Cet article propose une brève incursion dans l'économie expérientielle. Il explore la marchandisation du toucher au sein du capitalisme sensoriel avancé par le biais du massage. L'article examine en quoi le champ culturel des expériences sensorielles et sensuelles qui se développent sur le marché du massage contribue à l'élargissement du sensorium. En cela, il nous précipite au coeur d'une réflexion sur la culture sensible, si ce n'est sur l'objectification du toucher.

Mots clés : Corrion, Marcoux, massage, toucher, objectification, sensorium, capitalisme sensoriel

Introduction

Michelle commence toujours par me demander comment ça va dans mon corps. Comme ça, elle peut savoir oø elle doit se concentrer. D'habitude, c'est mon dos ... Quand elle me masse, elle me fait de l'aromathérapie. Il y a toujours un contact entre elle et moi et elle a une bonne énergie. (Amélie, cliente)

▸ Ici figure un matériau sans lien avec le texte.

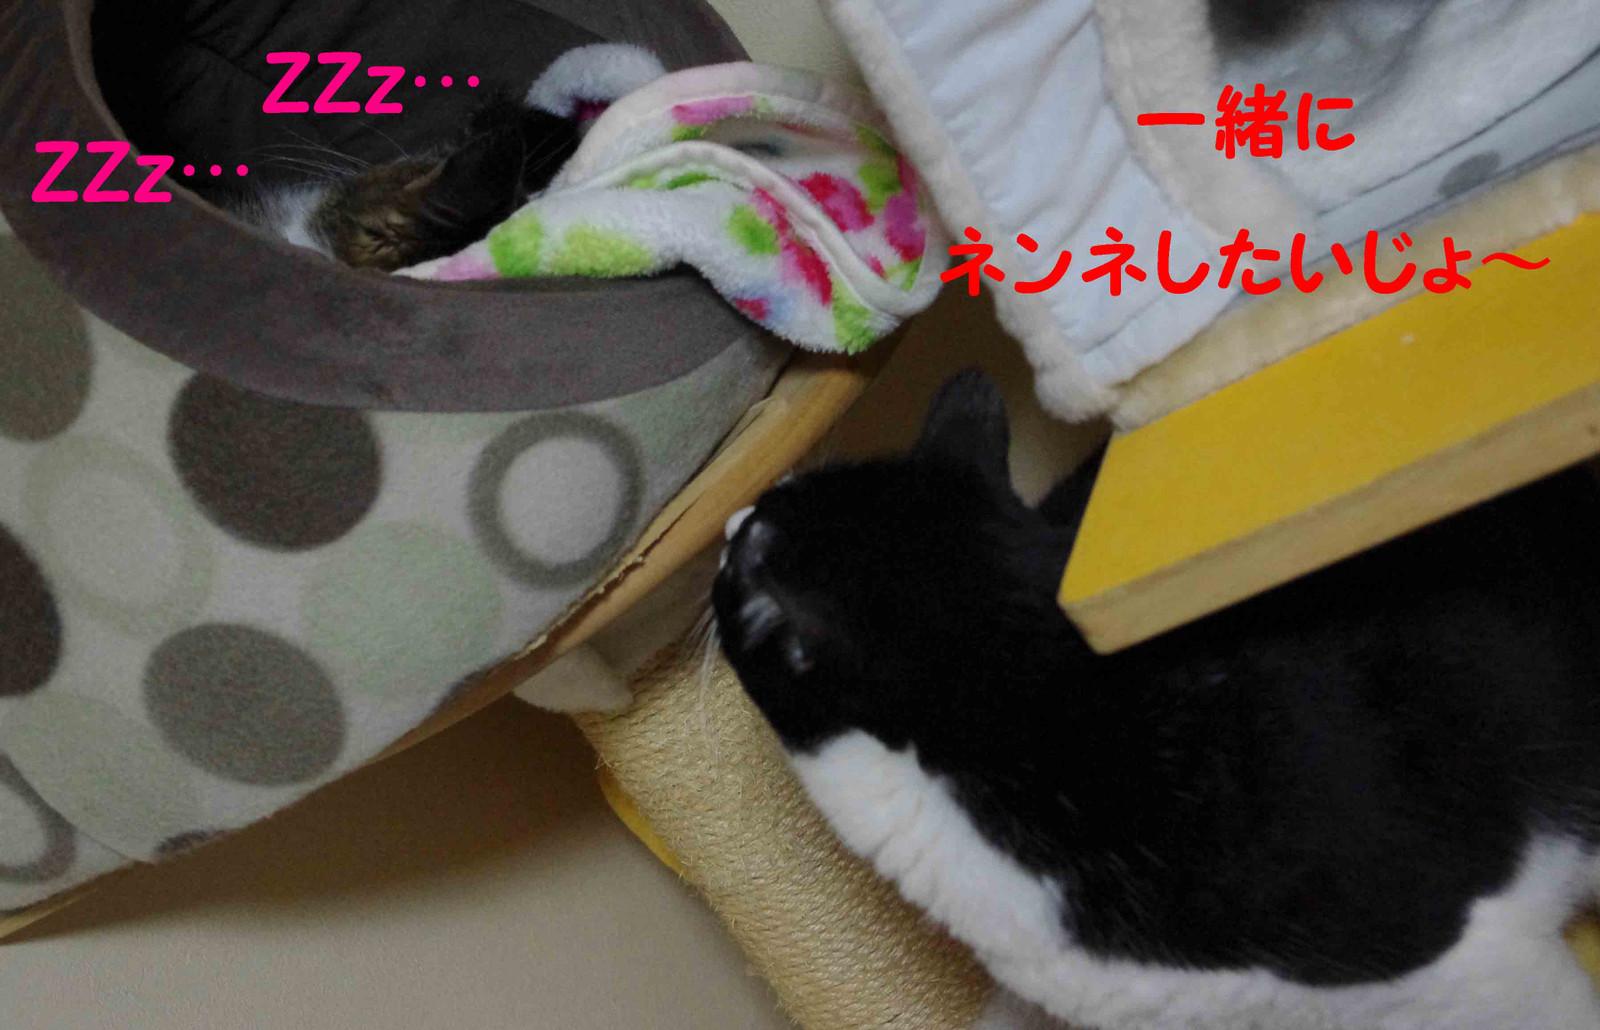 2012_02_11_2144_edited1_2

L'analyse ethnographique du massage permet d'examiner sous un nouvel angle le capitalisme sensoriel, tel que l'explore David Howes dans son article > (2005). Pour Howes, l'économie expérientielle qui se développe au cours du vingtième siècle au sein des sociétés capitalistes résulte des efforts des spécialistes du marketing qui déploient des moyens techniques et scientifiques complexes. Selon les ténors du marketing que sont Philip Kotler (1973), Elizabeth Hirschman et Mords Holbrook (1982) ou encore Joseph Pine II et James Gilmore (1998), les sens deviennent ainsi des outils qu'il est possible d'utiliser pour stimuler des ventes. Howes démontre toutefois que, contrairement à ce que postulent ces chantres du capitalisme avancé, les consommateurs font plus que simplement réagir aux stimulations sensorielles d'une économie saturée : ils investissent de significations l'univers sensoriel qui prend forme autour de la marchandise, si ce n'est à travers celle-ci, et utilisent cette sensorialité pour donner sens au monde qui les entoure.

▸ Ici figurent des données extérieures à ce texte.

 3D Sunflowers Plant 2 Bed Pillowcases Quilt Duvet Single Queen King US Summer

La critique de Howes (2005) s'appuie sur une discussion de l'analyse marxiste des marchandises (Marx [1867] 1993) qui, dans son acception classique, extirpe l'objet de son champ sensoriel et occulte ce dernier. Howes démontre, pour sa part, la primauté des sens dans une société fondée sur la consommation. Il fait valoir le rôle fondamental des sens et des qualités esthétiques (au sens premier du terme) des marchandises à l'heure du capitalisme avancé. Si l'analyse de Howes ouvre la voie à une plus grande reconnaissance du rôle des consommateurs, elle ne tient toutefois compte que des pratiques des grandes entreprises comme Coca Cola, Chanel et Kool-Aid ainsi que de leurs marques. Or, d'un point de vue ethnographique, il convient d'élargir ce cadre d'analyse pour tenter de mieux rendre compte des diverses pratiques d'entrepreneurs qui ne reproduisent pas uniquement une logique imposée par ces multinationales : des entrepreneurs qui tentent ni plus ni moins de tirer leur épingle du jeu, comme le dirait Michel de Certeau.

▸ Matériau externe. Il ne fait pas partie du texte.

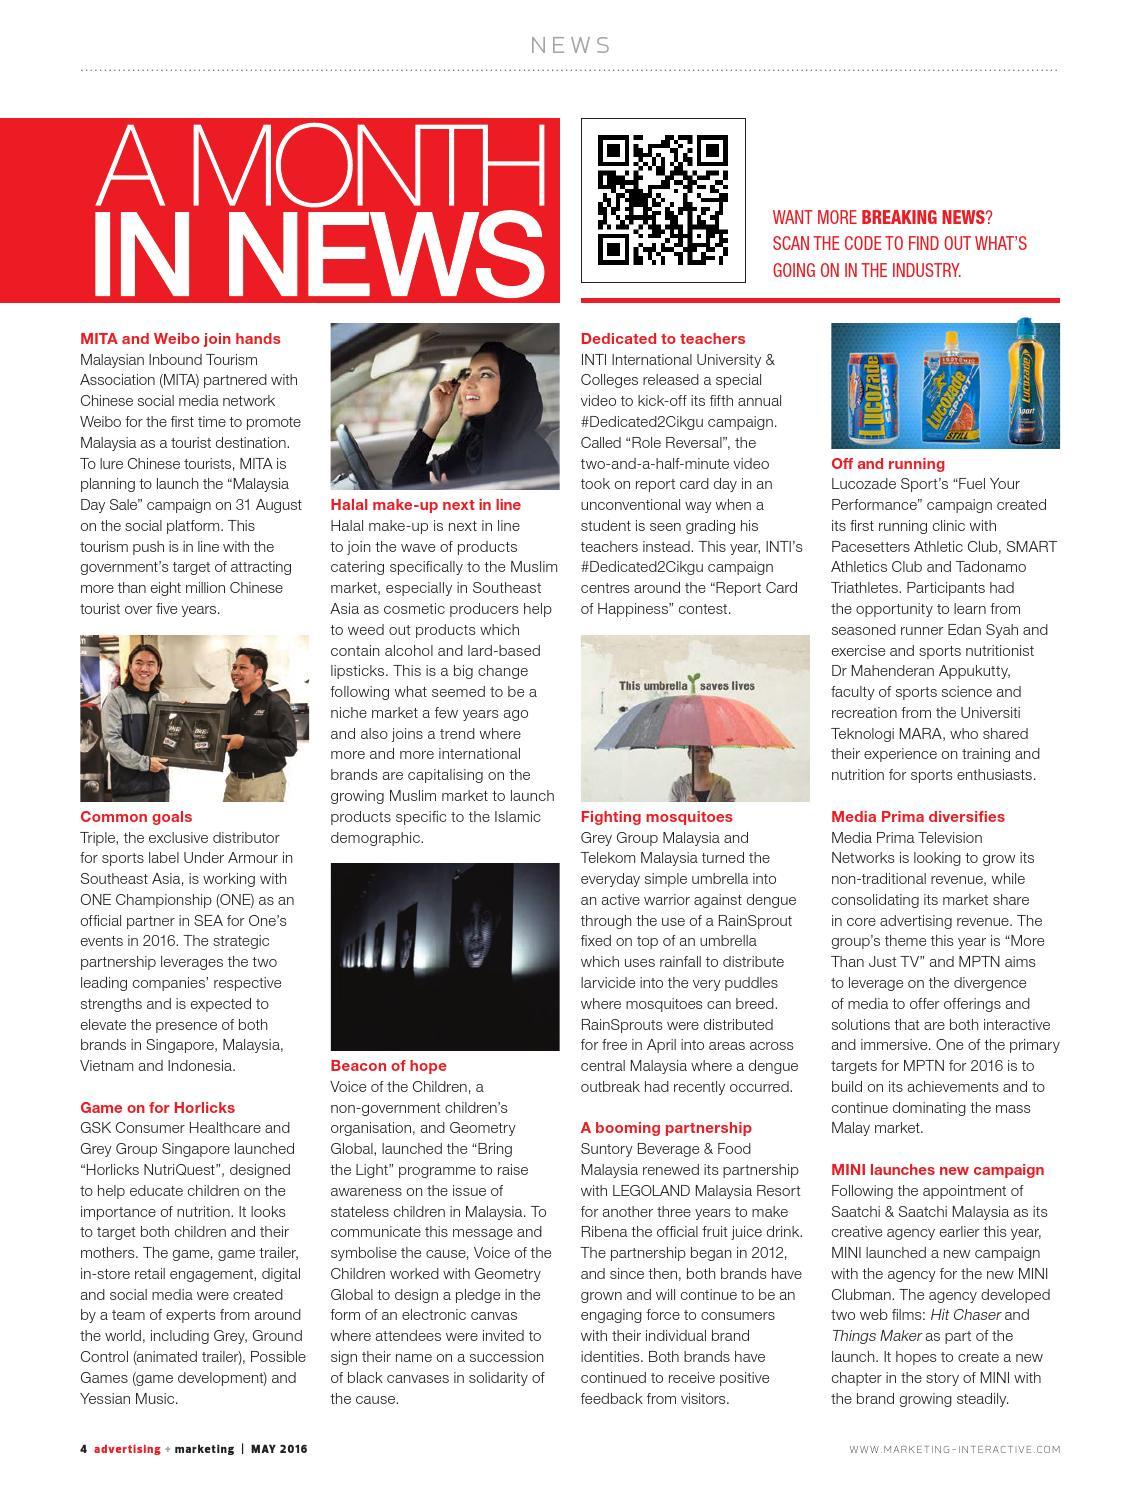 Advertising + Marketing MY - May 2016 by Marketing Magazine

Cet article repose sur une analyse ethnographique des cabinets de massage, des salons et des spas dans le contexte montréalais. Il se distingue donc des nombreux travaux en anthropologie et en médecine qui portent sur le toucher soignant, par exemple ceux de Classen (2005), de Field (2003), de Thomas (2005) ou de Vinit (2007), en se concentrant sur le toucher marchandisé. Il propose un regard neuf sur les masseurs, appelés massothérapeutes, qui sont aussi des entrepreneurs dans l'économie expérientielle. Ces derniers jouent souvent un rôle important--quoique négligé--au sein du capitalisme sensoriel avancé. Le contexte de cette recherche est celui d'une industrie en croissance. L'offre de massages est diverse et elle est souvent évocatrice, ce qu'illustre clairement le > du spa Givenchy, qui propose des massages à la carte, des massages sportifs ou relaxants ou encore des Ylang ylang à quatre mains. On peut désormais se faire masser dans de > lieux : les spas, les centres d'achats, sur les sites de certains festivals. En fait, ce développement du massage est symptomatique de la redécouverte des plaisirs sensoriels et sensuels caractéristique des sociétés modernes du vingtième siècle (Jütte 2005). Un rapport de la Fédération québécoise des massothérapeutes (1) publié en 2002 mentionne d'ailleurs que la proportion des Québécois s'étant fait masser au cours de leur vie est passée de 1,9 % en 1992 à 17 % en 1994, de 30 % en 1998 à 37 % en 2002. On constate aussi que la formation en massothérapie s'institutionnalise et que l'offre de services se normalise. De ce fait, la respectabilité du toucher demeure un enjeu de taille, ce dont témoignent les efforts de la FQM pour informer le public et le dissuader d'associer le massage à la sexualité et à l'érotisme, voire à la prostitution ou à une forme de service sexuel. Au cours de cette recherche, une enquête journalistique parue dans la presse montréalaise (voir Meunier 2005 a et b) suggérait d'ailleurs que la plupart des salons de massage apparaissant dans les petites annonces des journaux offraient aussi des services sexuels.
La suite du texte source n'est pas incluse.